* What this task involves: What is needed is a word-for-word copy of the records below.

* Dataset excerpts:
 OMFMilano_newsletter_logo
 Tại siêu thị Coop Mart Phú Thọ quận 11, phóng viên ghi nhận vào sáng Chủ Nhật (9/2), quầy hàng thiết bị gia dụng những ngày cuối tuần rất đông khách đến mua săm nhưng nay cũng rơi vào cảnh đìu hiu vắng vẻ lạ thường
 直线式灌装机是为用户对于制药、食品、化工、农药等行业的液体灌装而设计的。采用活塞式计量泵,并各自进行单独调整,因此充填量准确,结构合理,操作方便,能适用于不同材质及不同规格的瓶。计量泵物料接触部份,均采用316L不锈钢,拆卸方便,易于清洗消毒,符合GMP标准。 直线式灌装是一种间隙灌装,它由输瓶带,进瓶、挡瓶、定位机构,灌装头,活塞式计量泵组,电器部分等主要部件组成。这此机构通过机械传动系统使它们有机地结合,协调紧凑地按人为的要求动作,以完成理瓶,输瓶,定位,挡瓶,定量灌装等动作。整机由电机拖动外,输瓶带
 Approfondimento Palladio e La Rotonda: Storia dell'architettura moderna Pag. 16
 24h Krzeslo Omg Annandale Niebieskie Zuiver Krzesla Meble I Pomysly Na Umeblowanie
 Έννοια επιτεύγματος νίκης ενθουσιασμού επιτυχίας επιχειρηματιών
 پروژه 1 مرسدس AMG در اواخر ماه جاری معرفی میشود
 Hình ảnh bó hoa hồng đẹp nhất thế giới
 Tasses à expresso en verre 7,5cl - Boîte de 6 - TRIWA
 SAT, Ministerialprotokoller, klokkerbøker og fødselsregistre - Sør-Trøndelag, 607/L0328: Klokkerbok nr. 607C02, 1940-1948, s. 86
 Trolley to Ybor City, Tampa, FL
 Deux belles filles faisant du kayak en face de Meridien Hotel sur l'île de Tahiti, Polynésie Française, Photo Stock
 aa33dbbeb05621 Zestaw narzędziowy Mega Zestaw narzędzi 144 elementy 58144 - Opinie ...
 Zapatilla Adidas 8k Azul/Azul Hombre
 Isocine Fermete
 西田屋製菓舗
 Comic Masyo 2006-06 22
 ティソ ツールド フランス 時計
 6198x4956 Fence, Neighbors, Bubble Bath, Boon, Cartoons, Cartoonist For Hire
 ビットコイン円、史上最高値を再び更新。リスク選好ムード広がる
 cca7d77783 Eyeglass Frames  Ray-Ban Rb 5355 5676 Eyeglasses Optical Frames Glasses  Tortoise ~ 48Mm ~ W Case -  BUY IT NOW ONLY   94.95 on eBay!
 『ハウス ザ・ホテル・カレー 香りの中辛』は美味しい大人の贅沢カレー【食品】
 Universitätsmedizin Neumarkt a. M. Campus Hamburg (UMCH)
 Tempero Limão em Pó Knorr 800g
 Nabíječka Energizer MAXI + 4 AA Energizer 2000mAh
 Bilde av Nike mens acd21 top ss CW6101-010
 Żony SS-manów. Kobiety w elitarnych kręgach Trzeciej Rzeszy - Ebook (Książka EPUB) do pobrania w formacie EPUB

* Task result:
 OMFMilano_newsletter_logo
 Tại siêu thị Coop Mart Phú Thọ quận 11, phóng viên ghi nhận vào sáng Chủ Nhật (9/2), quầy hàng thiết bị gia dụng những ngày cuối tuần rất đông khách đến mua săm nhưng nay cũng rơi vào cảnh đìu hiu vắng vẻ lạ thường
 直线式灌装机是为用户对于制药、食品、化工、农药等行业的液体灌装而设计的。采用活塞式计量泵,并各自进行单独调整,因此充填量准确,结构合理,操作方便,能适用于不同材质及不同规格的瓶。计量泵物料接触部份,均采用316L不锈钢,拆卸方便,易于清洗消毒,符合GMP标准。 直线式灌装是一种间隙灌装,它由输瓶带,进瓶、挡瓶、定位机构,灌装头,活塞式计量泵组,电器部分等主要部件组成。这此机构通过机械传动系统使它们有机地结合,协调紧凑地按人为的要求动作,以完成理瓶,输瓶,定位,挡瓶,定量灌装等动作。整机由电机拖动外,输瓶带
 Approfondimento Palladio e La Rotonda: Storia dell'architettura moderna Pag. 16
 24h Krzeslo Omg Annandale Niebieskie Zuiver Krzesla Meble I Pomysly Na Umeblowanie
 Έννοια επιτεύγματος νίκης ενθουσιασμού επιτυχίας επιχειρηματιών
 پروژه 1 مرسدس AMG در اواخر ماه جاری معرفی میشود
 Hình ảnh bó hoa hồng đẹp nhất thế giới
 Tasses à expresso en verre 7,5cl - Boîte de 6 - TRIWA
 SAT, Ministerialprotokoller, klokkerbøker og fødselsregistre - Sør-Trøndelag, 607/L0328: Klokkerbok nr. 607C02, 1940-1948, s. 86
 Trolley to Ybor City, Tampa, FL
 Deux belles filles faisant du kayak en face de Meridien Hotel sur l'île de Tahiti, Polynésie Française, Photo Stock
 aa33dbbeb05621 Zestaw narzędziowy Mega Zestaw narzędzi 144 elementy 58144 - Opinie ...
 Zapatilla Adidas 8k Azul/Azul Hombre
 Isocine Fermete
 西田屋製菓舗
 Comic Masyo 2006-06 22
 ティソ ツールド フランス 時計
 6198x4956 Fence, Neighbors, Bubble Bath, Boon, Cartoons, Cartoonist For Hire
 ビットコイン円、史上最高値を再び更新。リスク選好ムード広がる
 cca7d77783 Eyeglass Frames  Ray-Ban Rb 5355 5676 Eyeglasses Optical Frames Glasses  Tortoise ~ 48Mm ~ W Case -  BUY IT NOW ONLY   94.95 on eBay!
 『ハウス ザ・ホテル・カレー 香りの中辛』は美味しい大人の贅沢カレー【食品】
 Universitätsmedizin Neumarkt a. M. Campus Hamburg (UMCH)
 Tempero Limão em Pó Knorr 800g
 Nabíječka Energizer MAXI + 4 AA Energizer 2000mAh
 Bilde av Nike mens acd21 top ss CW6101-010
 Żony SS-manów. Kobiety w elitarnych kręgach Trzeciej Rzeszy - Ebook (Książka EPUB) do pobrania w formacie EPUB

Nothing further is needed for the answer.